The Jules Horowitz Reactor (Réacteur Jules Horowitz or RJH) is a Material Test Reactor (MTR) cooled and moderated with water. It is under construction at Cadarache in southern France, based on the recommendations of the European Roadmap for Research Infrastructures Report, which was published by the European Strategy Forum on Research Infrastructures (ESFRI) in 2006. The reactor, which is named for the 20th-century French nuclear scientist Jules Horowitz, is planned to begin operation between 2026 and 2028.
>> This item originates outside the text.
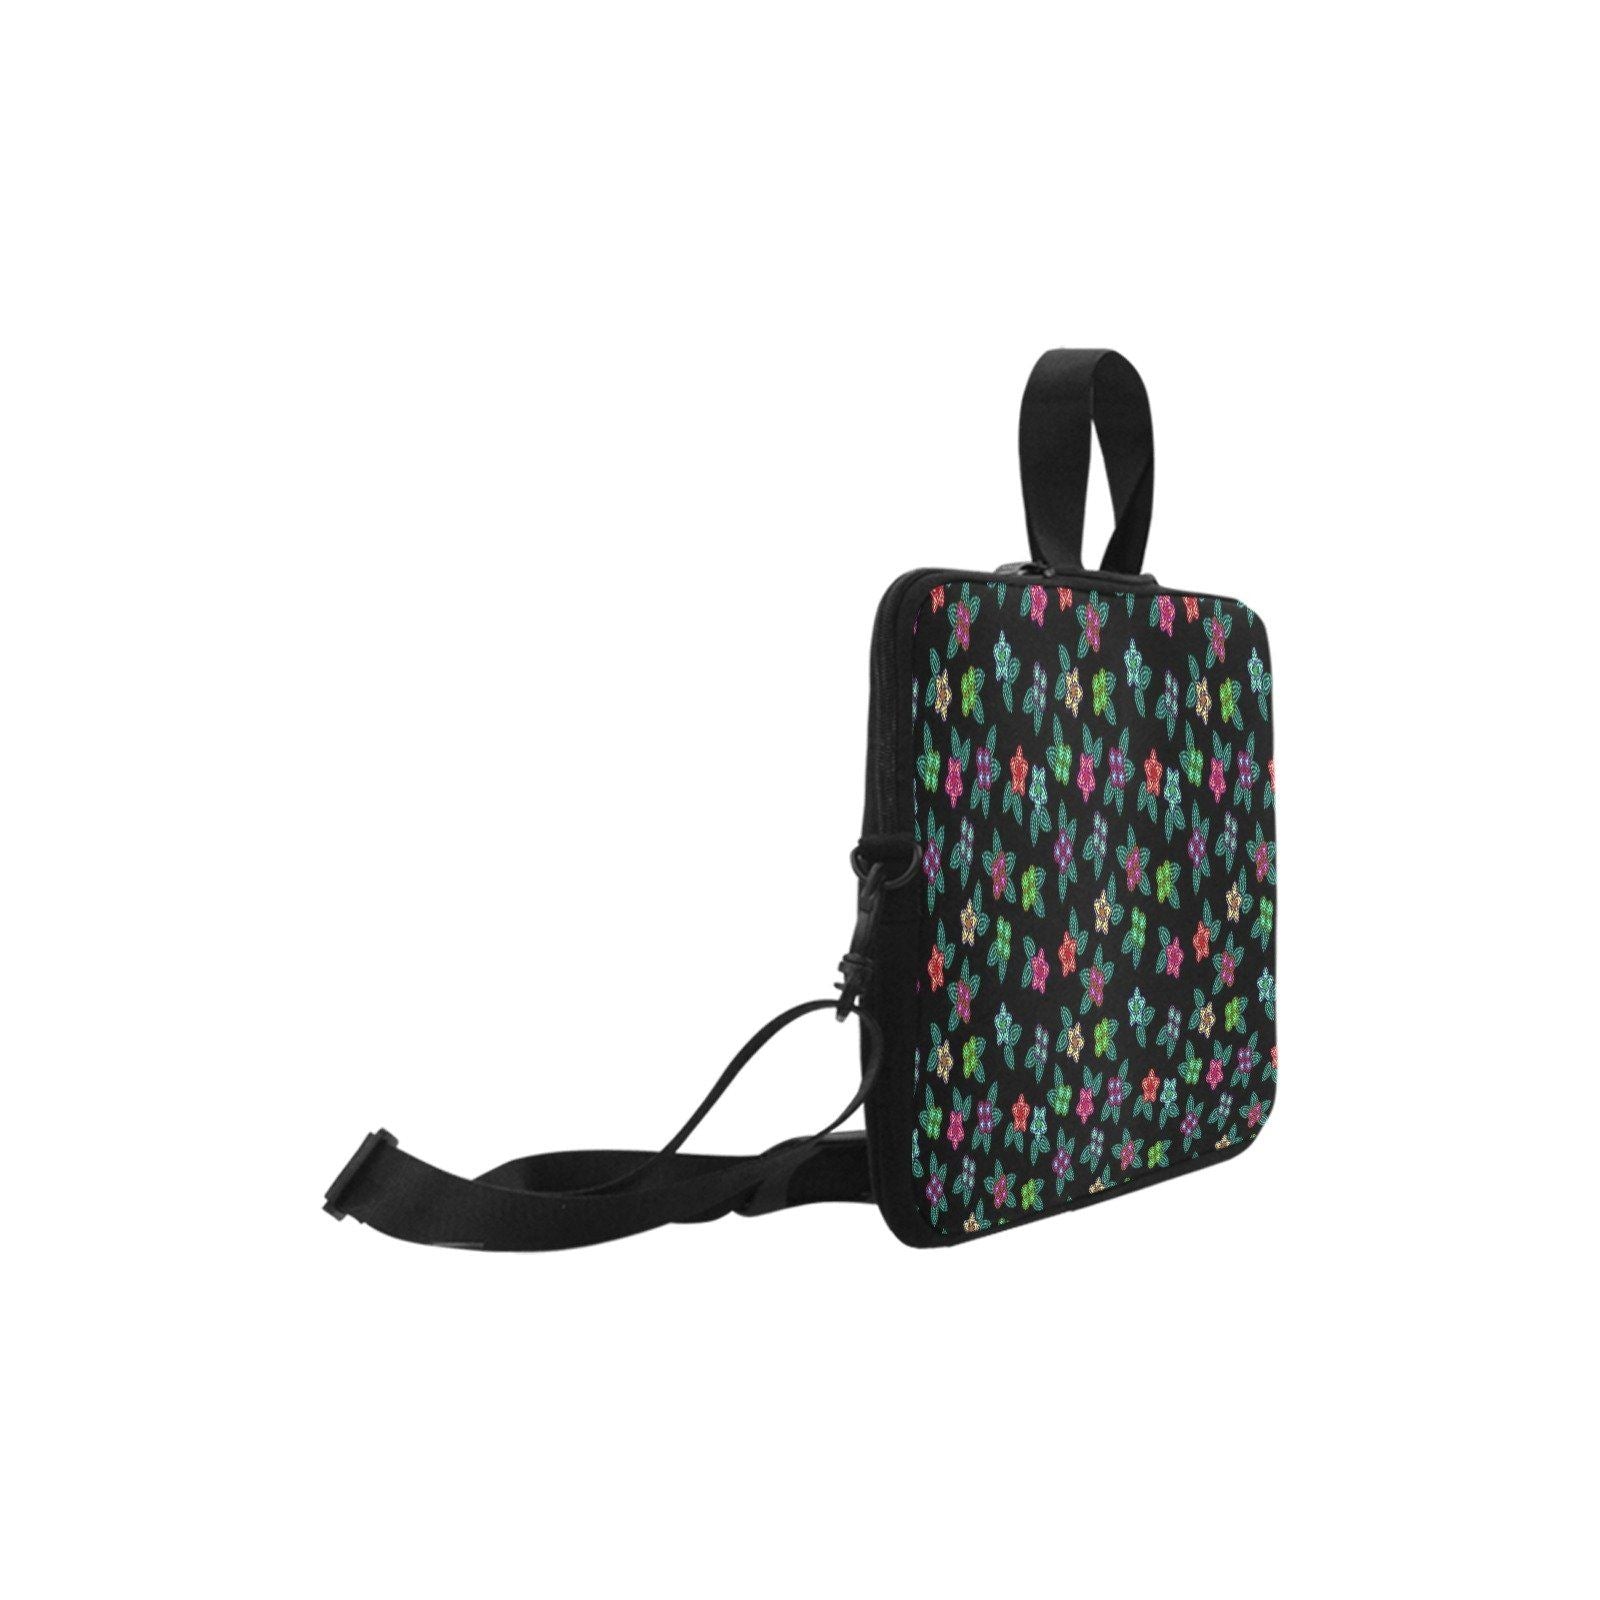 Berry Flowers Black Laptop Handbags 15" Laptop Handbags 15" e-joyer 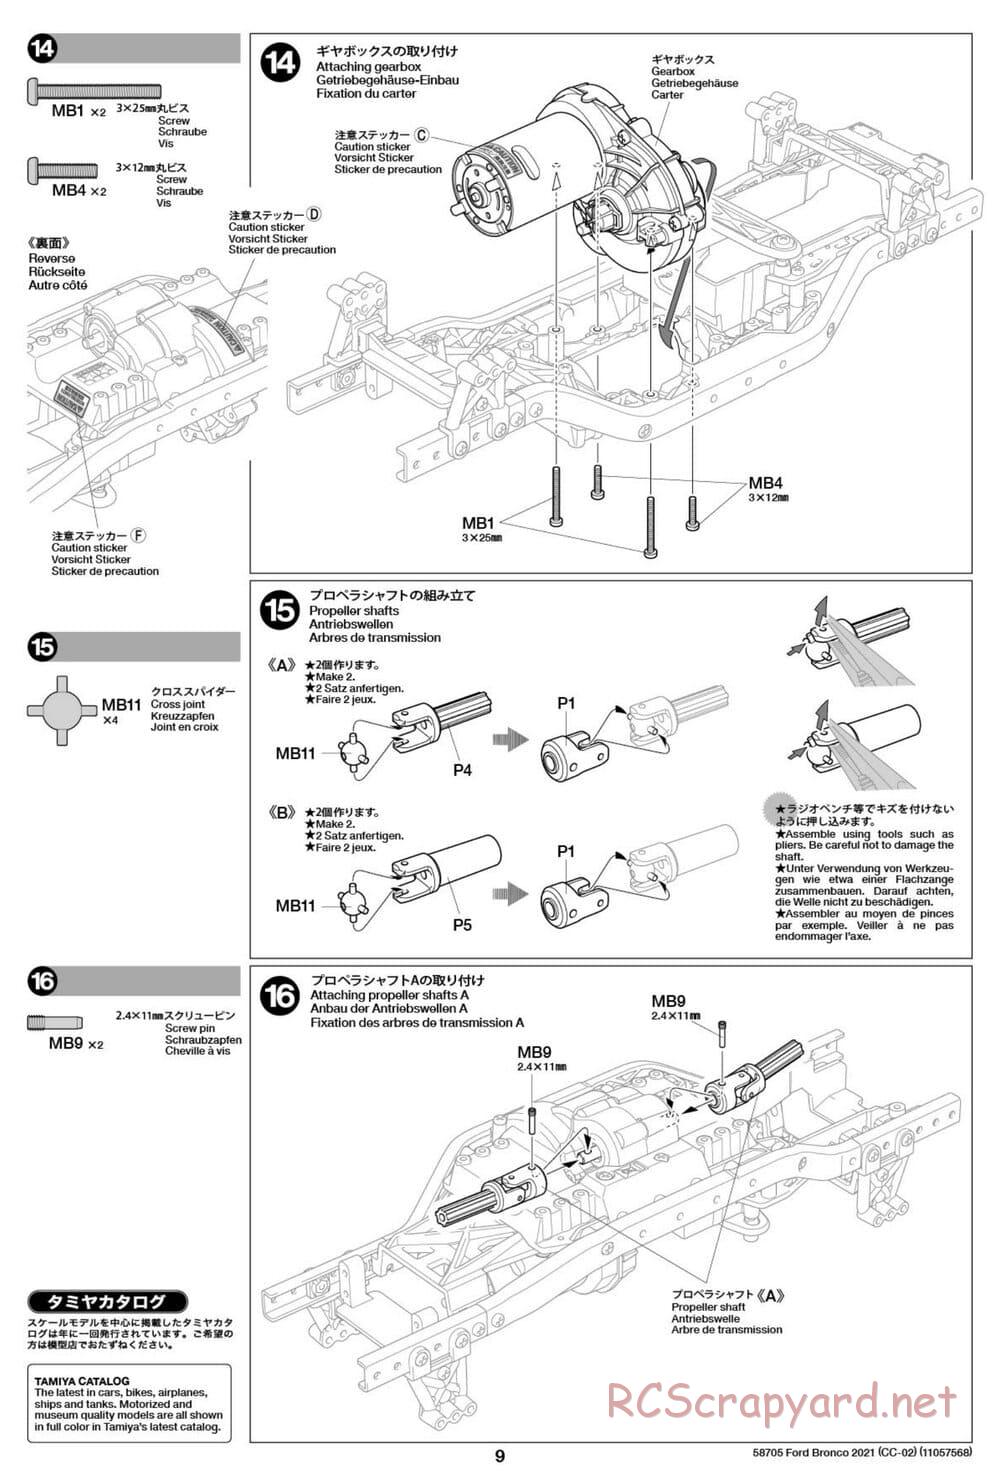 Tamiya - Ford Bronco 2021 - CC-02 Chassis - Manual - Page 9

Project background and funding
The Jules Horowitz Reactor's construction was recommended by ESFRI as a replacement for the European Union's existing materials testing reactors, which were all built in the 1960s, and are expected to reach the end of their service lives by 2020. The reactor is being built under the framework of an international consortium of research institutes, including France's CEA, the Czech Republic's NRI, Spain's CIEMAT, Finland's VTT, Belgium's SCK•CEN, the United Kingdom's NNL and the European Commission, along with private companies such as Electricité de France (EDF), Vattenfall and Areva. There are two non-European associate partners to the consortium; India's DAE and Japan's JAEA. The construction of the reactor was funded by CEA (which provided 50% of the project's funding), EDF (20%), various EU research institutes (20%) and Areva (10%). In the framework of the IAEA ICERR label (International Centre based on Research Reactors), the JHR will be also available to institutions from IAEA Member States for education, and joint research and development (R&D) projects.

Design
The Jules Horowitz Reactor is a materials testing reactor, with a power output of approximately 100 megawatts. It has a planned service lifespan of around 50 years, and is designed to be adaptable for a variety of research uses by nuclear utilities, nuclear steam system suppliers, nuclear fuel manufacturers, research organisations and safety authorities. The reactor's versatile modular design allows it to accommodate up to 20 simultaneous experiments. Its instrumentation allows previously unavailable real-time analysis to be performed. Its primary uses will be research into the performance of nuclear fuel at existing reactors, testing of materials used in reactors, testing designs for fuel for future reactors and the production of radioisotopes for use in medicine. The reactor is intended to produce radioisotopes in coordination with existing production facilities at Petten in the Netherlands. The reactor's coolant flow is ascending, in the order of nearly 2.36 m3/s, with maximum pressure in the order of 1.0-1.5 MPa, depending on the required flow and the core head loss.

Construction
Site preparation for the project began at the Cadarache nuclear research complex in March 2007. The first concrete for the reactor's foundations was poured in August 2009, and the central containment structure was completed with the addition of a 105-tonne dome in December 2013. A senior vice president of General Atomics claimed during testimony before US House members that operation started in 2014.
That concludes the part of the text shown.